The emphasis of most IST trials in SAA have been in adding immunosuppressants (eg, mycophenolate mofetil or sirolimus), growth factors (eg, G-CSF), or androgens to the horse ATG/CsA backbone or introducing more potent lymphocytotoxic agents (eg, rabbit ATG or Alem) upfront.1,23,40 Unfortunately, the results of all these efforts have been disappointing, with no significant impact on the outcomes of response, relapse, or clonal evolution beyond what would be expected with horse ATG/CsA alone. Survival, however, has improved over the years, especially among nonresponders, who can now be better supported during periods of severe neutropenia and more successfully undergo salvage therapies with repeat IST or HSCT.48
More recently, an oral thrombomimetic, eltrombopag, has produced hematologic responses in 11 of 25 IST-refractory SAA patients.60 This outpatient regimen was very well tolerated and may become an attractive alternative to patients with persistent pancytopenia after IST. Of interest was the improvement in hemoglobin and neutrophil levels in some of the responders. The improvement in nonmegakaryocytic lineage was surprising and may indicate a stimulatory effect of less committed progenitors. Follow-up studies adding eltrombopag to h-ATG/CsA upfront are currently under way.

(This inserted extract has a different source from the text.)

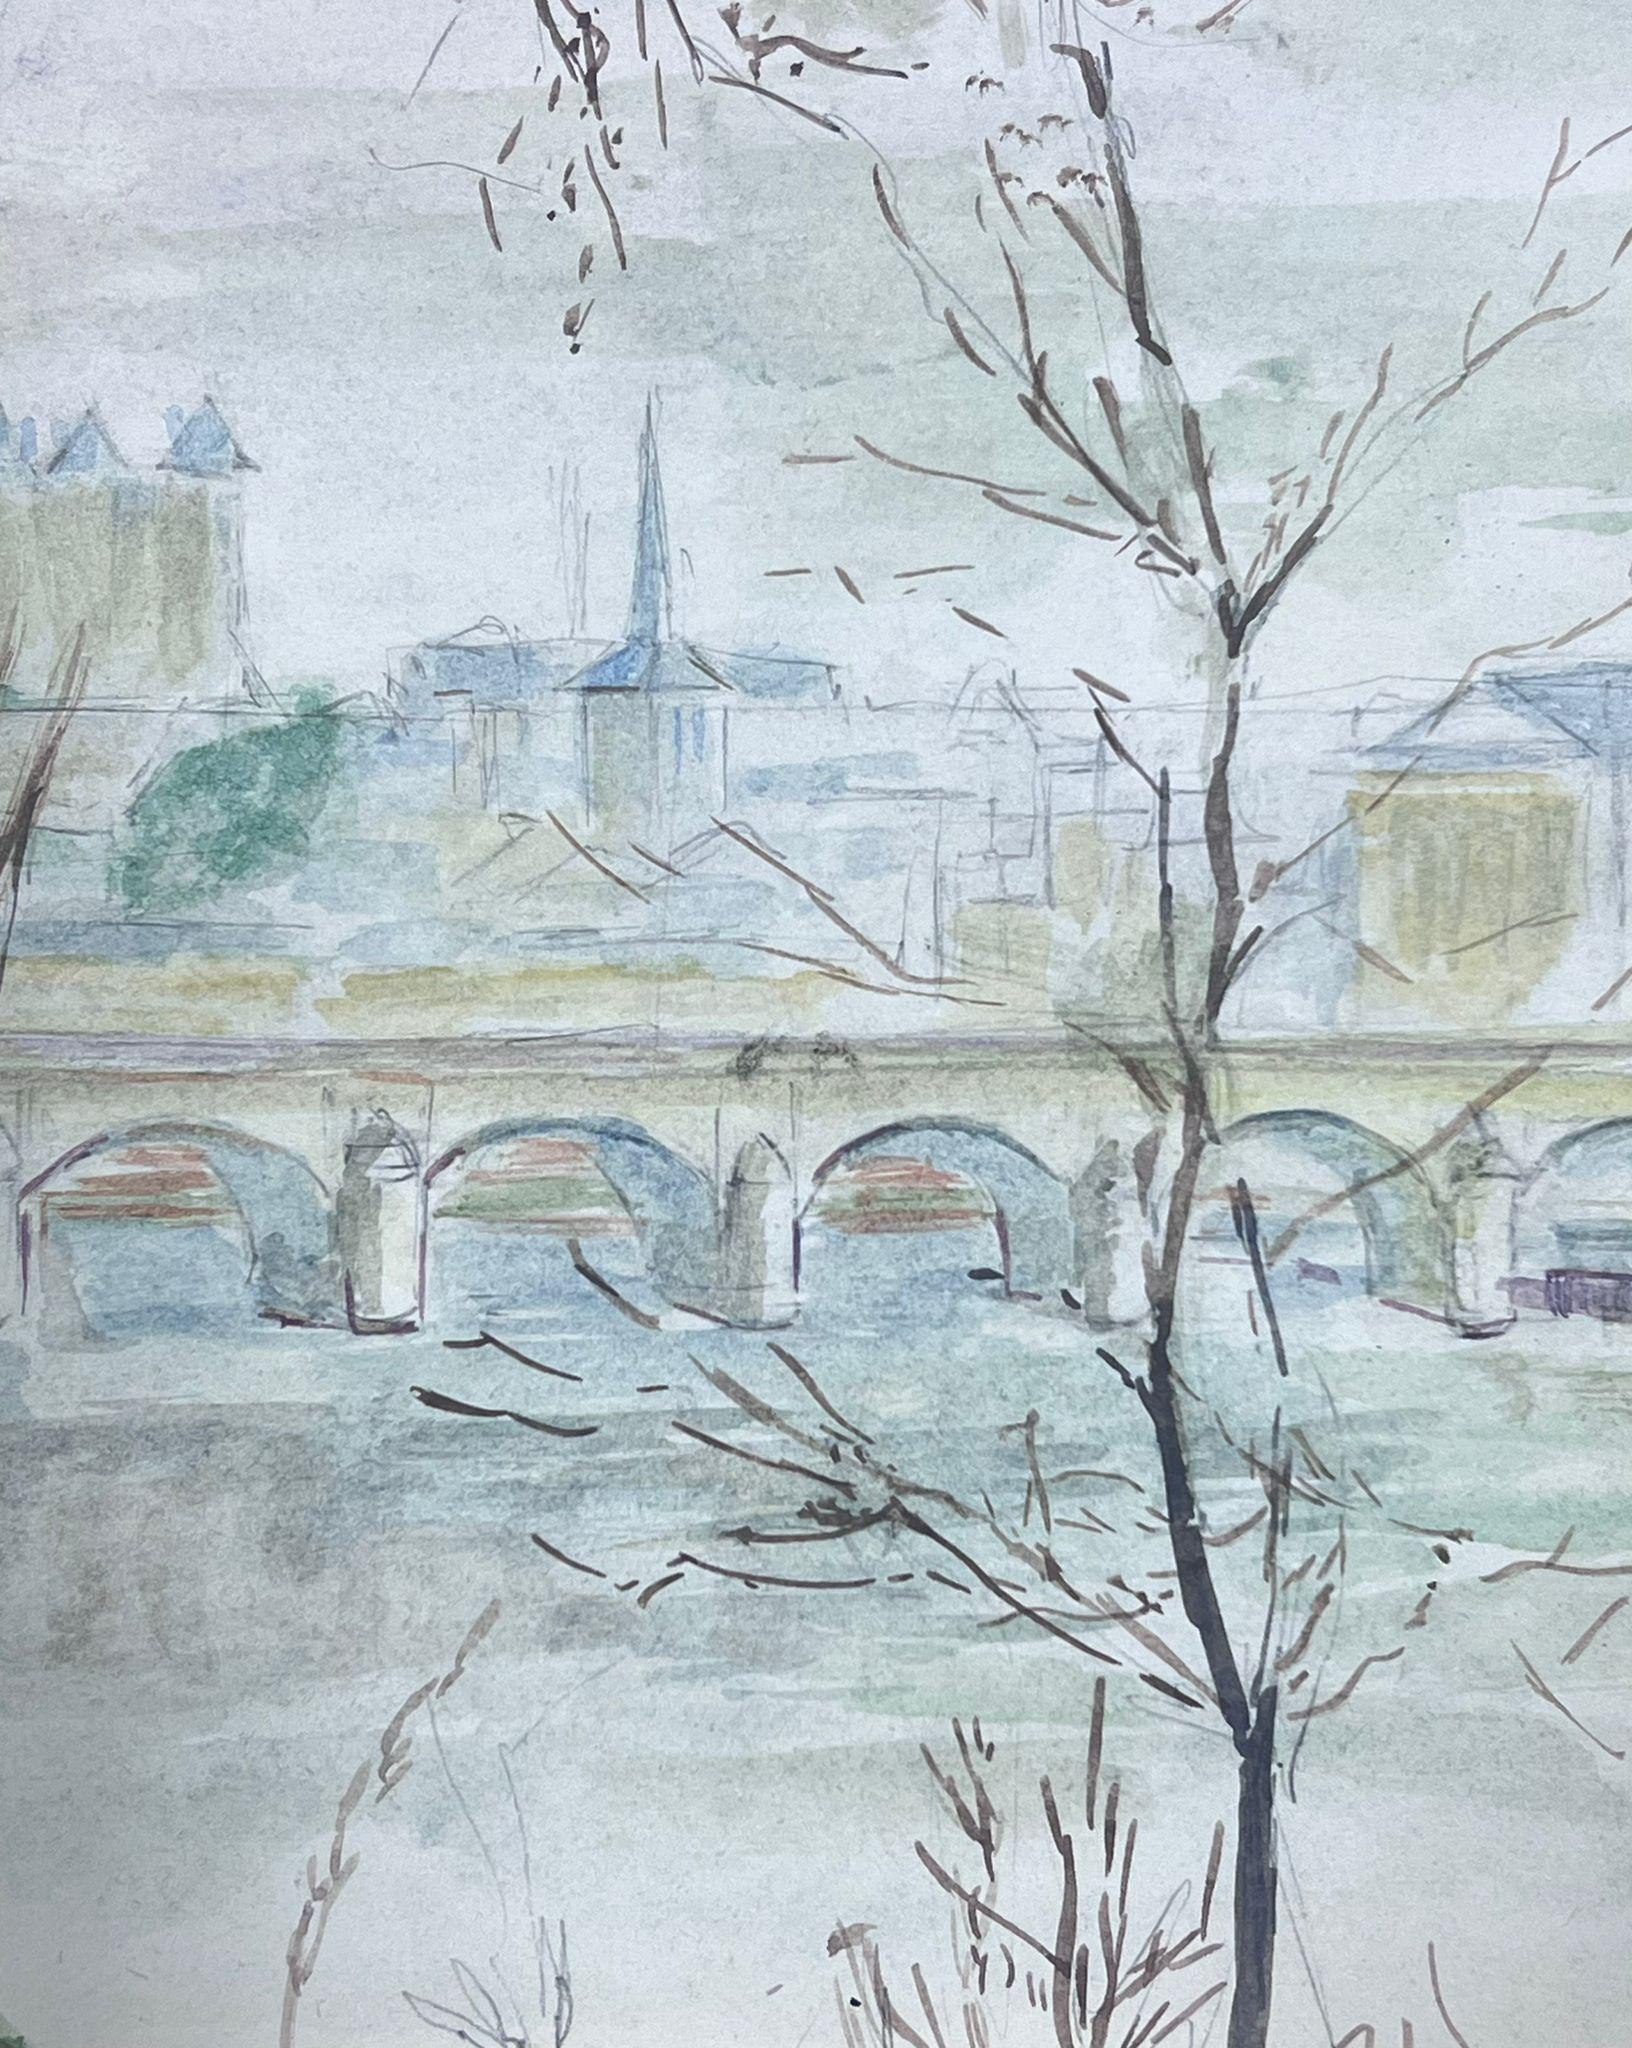 20th Century French Post Impressionist Watercolor View over French City River - Post-Impressionist Art by Guy Nicod
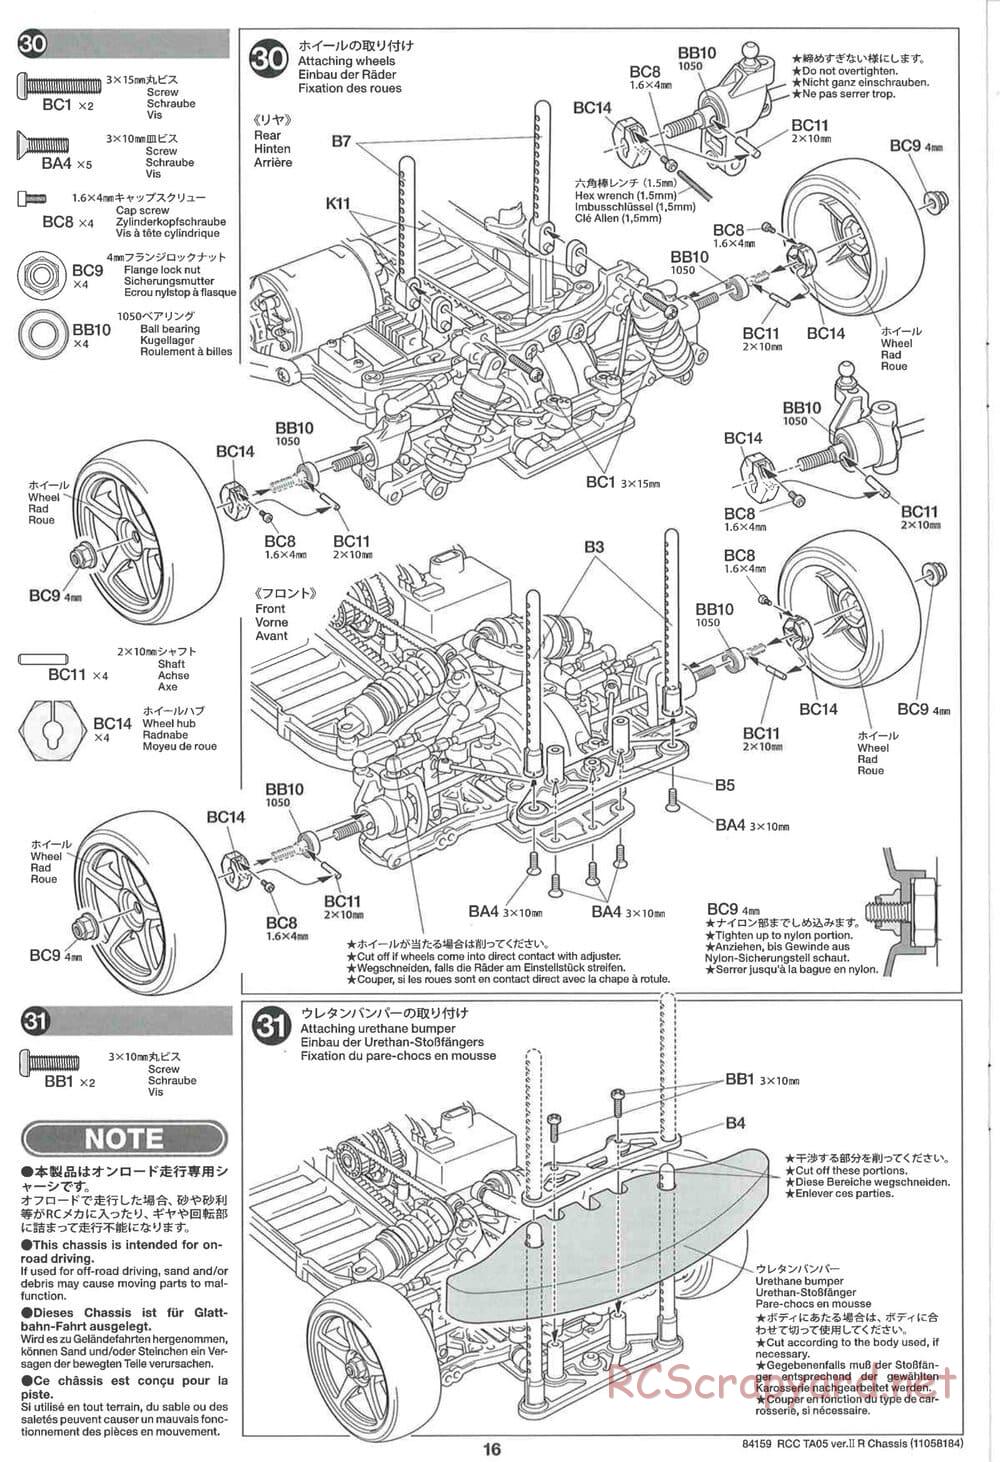 Tamiya - TA05 Ver.II R Chassis - Manual - Page 16

The diagnosis of SAA no longer carries the dire prognosis that it did 4 decades ago. In patients who are not candidates for a MSD HSCT, IST with horse ATG/CsA should be the preferred therapy. Outcomes with matched UD HSCT have improved in recent years, so this is becoming the preferred salvage therapy in younger patients who are unresponsive to initial IST. When a histocompatible UD is not available, a second course of IST should be offered before higher-risk transplantation protocols from mismatched unrelated, haploidentical, or UC donors. In the coming years, biomarkers (eg, telomere length, mutational status, and blood counts) or other pathophysiological indicators will likely emerge from global assessments of the immune response and more sensitive measurements of stem cell reserve and function and should provide better guidance in treatment decision in SAA.
Conflict-of-interest disclosure: The author declares no competing financial interests. Off-label drug use: Alem, rabbit antithymocyte globulin, and eltrombopag for AA.